One particular area of difficulty surrounds the diagnostic uncertainty between a patient with cocaine induced midline destructive lesions (CIMDL’s) and true primary systemic necrotizing vasculitis (PSNV) induced midline destruction. Amongst the subtypes of PSNV, midline lesions occur in up to 90% cases of granulomatosis with polyangitis (GPA) [2]; up to 69% in Eosinophilic granulomatous polyangitis (eGPA) [3] and up to 30% microscopic polyarteritis (MPA) found in [4].
Antineutrophil cytoplasmic antibodies (ANCA) play an important but cumulative role in assisting the diagnosis; along with clinical presentation, imaging, urine analysis and histology. Vasculitides can often demonstrate different patterns of ANCA positivity. GPA is associated with a positive C-ANCA pattern/PR3 antigen with MPA and EGPA being associated with P-ANCA/MPO antigen. Using the combined ANCA and associated target a sensitivity of 85.5% and specificity of 98.6% [5] can be achieved. The time to seroconvert can lead to confusion since many patients with GPA may have false negative levels for some time, despite having a significant sensitivity and specificity.

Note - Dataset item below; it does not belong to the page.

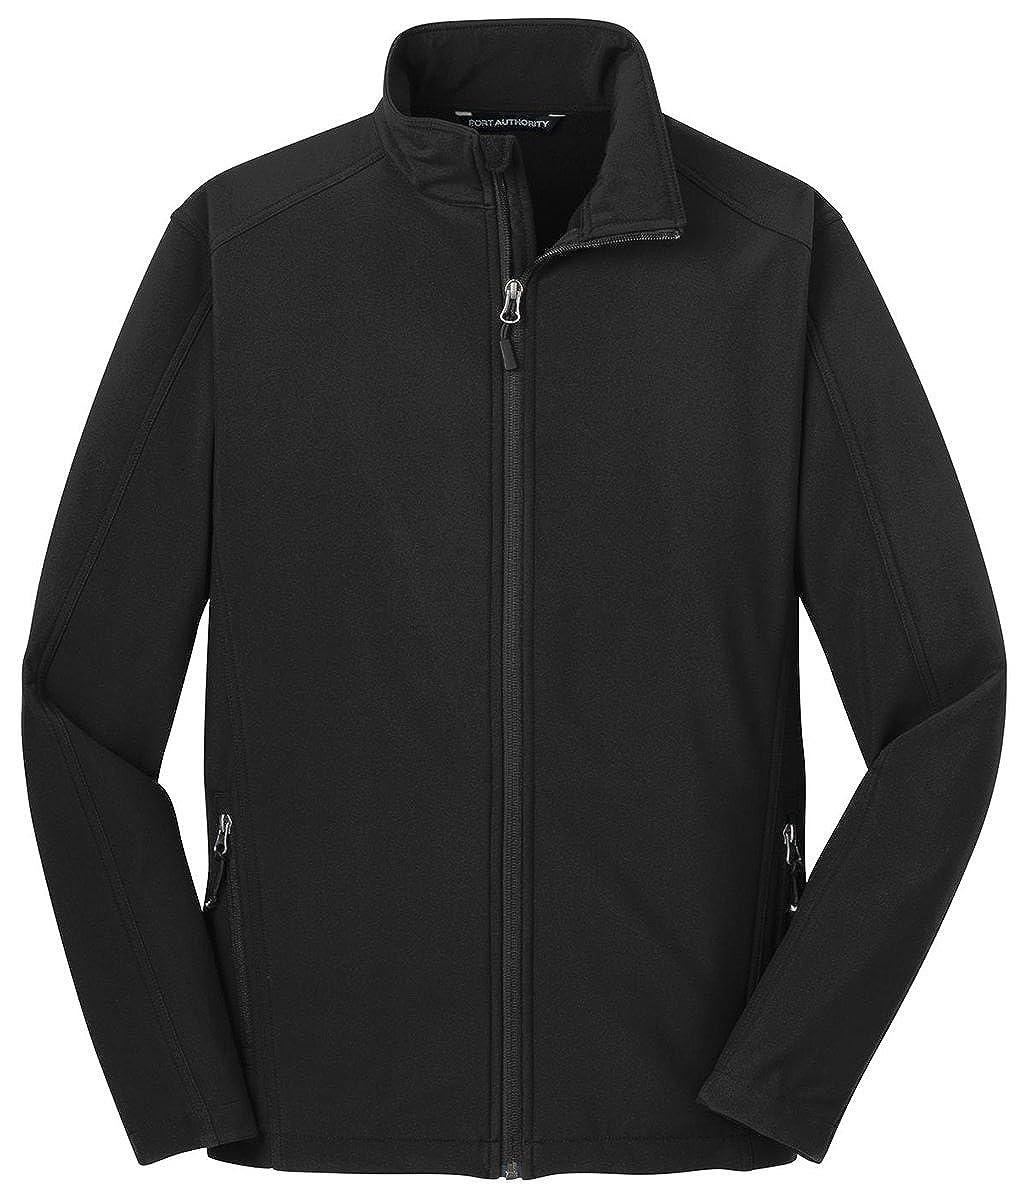 Port Authority Tall Core Soft Shell Jacket3XLT Black TLJ317

The presentation of pseudovasculitis, as a result of cocaine abuse, can be ubiquitous in both clinical findings as well as very similar serologicial results (positive ANCA levels) and a bewilderingly similar histological pattern. It is essential that an accurate diagnosis is made to prevent unnecessary exposure to immunosuppressants and also enable key decisions on management.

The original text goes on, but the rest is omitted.